Have a question about this project? Sign up for a free GitHub account to open an issue and contact its maintainers and the community.

By clicking “Sign up for GitHub”, you agree to our terms of service and privacy statement. We’ll occasionally send you account related emails.
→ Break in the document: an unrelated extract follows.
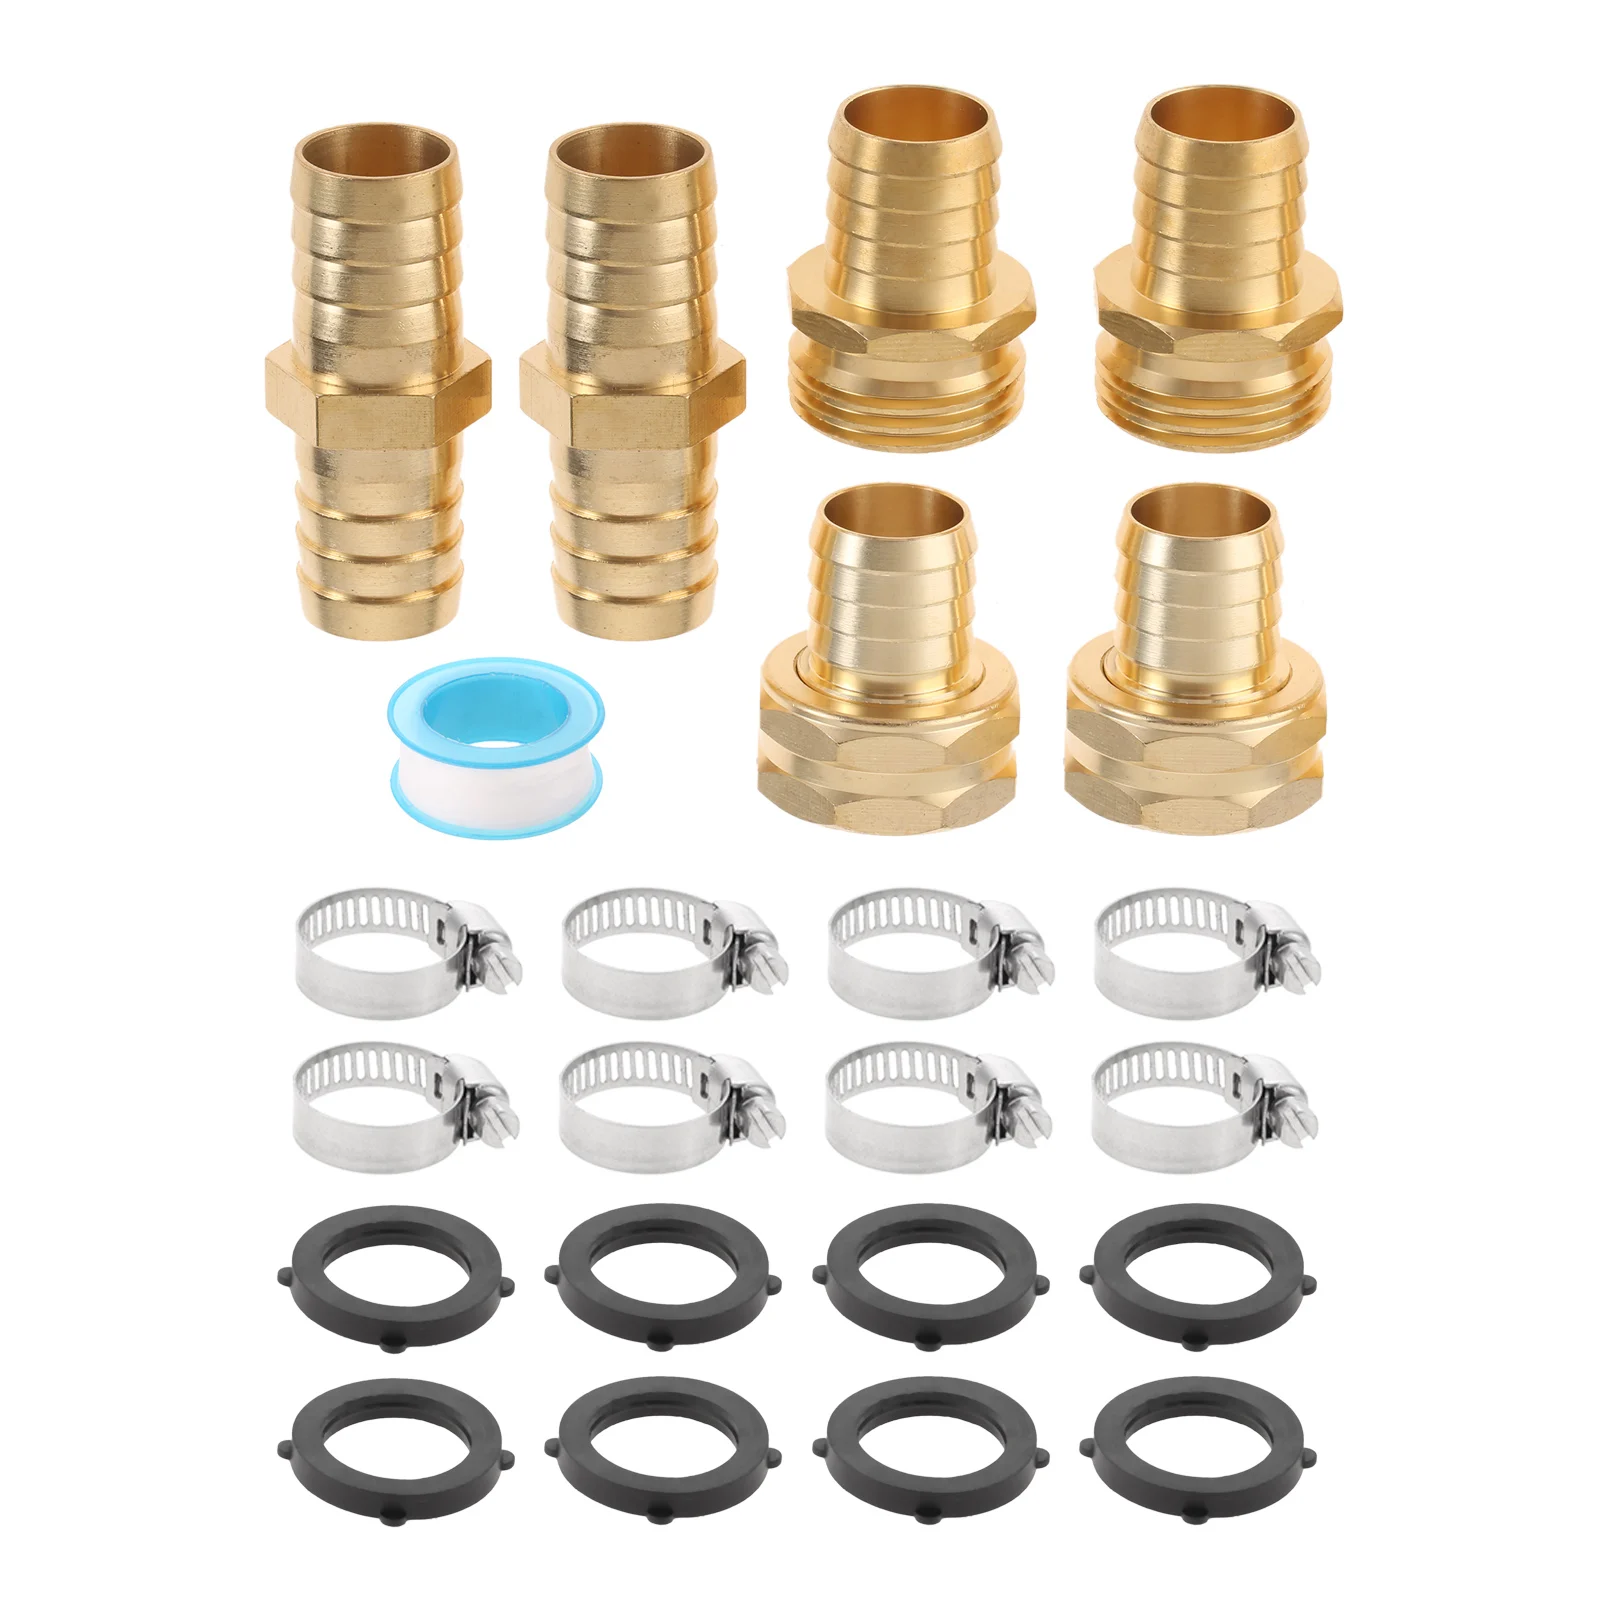 

4sets 3/4 Inch Solid Brass Garden Hose Connector Mender Water Hose Repair Female & Male Kit Tape with Steel Clamp Rubber Gasket

Already on GitHub? Sign in to your account

[Bug] mlc_llm serve error on Mac M1 (git clone failed with error 128) #2938

Closed
pchalasani opened this issue Sep 24, 2024 · 8 comments
Closed
Labels
bug Confirmed bugs

Comments

@pchalasani
Copy link

pchalasani commented Sep 24, 2024

🐛 Bug

see title

To Reproduce

Steps to reproduce the behavior:

  1. follow instructions to install mlc from nightly (NOT using conda, just in my venv)
  2. run mlc_llm serve HF://mlc-ai/Qwen2.5-32B-Instruct-q4f32_1-MLC

Expected behavior

should work

Environment

  • Platform Mac M1 Max
  • Operating system - MacOS Sonoma 14.2.1
  • How you installed MLC-LLM (conda, source):
    Ran this with my venv activated (did NOT use conda, not sure if that matters)
python -m pip install --pre -U -f https://mlc.ai/wheels mlc-llm-nightly-cpu mlc-ai-nightly-cpu
  • How you installed TVM-Unity (pip, source):
    did not install this

  • Python version (e.g. 3.10): 3.11

Additional context

error trace:

[2024-09-24 09:45:08] INFO auto_device.py:88: Not found device: cuda:0
[2024-09-24 09:45:09] INFO auto_device.py:88: Not found device: rocm:0
[2024-09-24 09:45:10] INFO auto_device.py:79: Found device: metal:0
[2024-09-24 09:45:10] INFO auto_device.py:88: Not found device: vulkan:0
[2024-09-24 09:45:11] INFO auto_device.py:88: Not found device: opencl:0
[2024-09-24 09:45:11] INFO auto_device.py:35: Using device: metal:0
[2024-09-24 09:45:11] INFO download_cache.py:227: Downloading model from HuggingFace: HF://mlc-ai/Qwen2.5-32B-Instruct-q4f32_1-MLC
[2024-09-24 09:45:11] INFO download_cache.py:29: MLC_DOWNLOAD_CACHE_POLICY = ON. Can be one of: ON, OFF, REDO, READONLY
[2024-09-24 09:45:11] INFO download_cache.py:56: [Git] Cloning https://huggingface.co/mlc-ai/Qwen2.5-32B-Instruct-q4f32_1-MLC.git to /var/folders/dx/39xz0fk938zftc3djhbm78bc0000gn/T/tmpjpli117j/tmp
Traceback (most recent call last):
  File "/Users/pchalasani/Git/langroid/.venv/lib/python3.11/site-packages/mlc_llm/support/download_cache.py", line 57, in git_clone
    subprocess.run(
  File "/opt/homebrew/Cellar/python@3.11/3.11.9/Frameworks/Python.framework/Versions/3.11/lib/python3.11/subprocess.py", line 571, in run
    raise CalledProcessError(retcode, process.args,
subprocess.CalledProcessError: Command '['git', 'clone', 'https://huggingface.co/mlc-ai/Qwen2.5-32B-Instruct-q4f32_1-MLC.git', '.tmp']' returned non-zero exit status 128.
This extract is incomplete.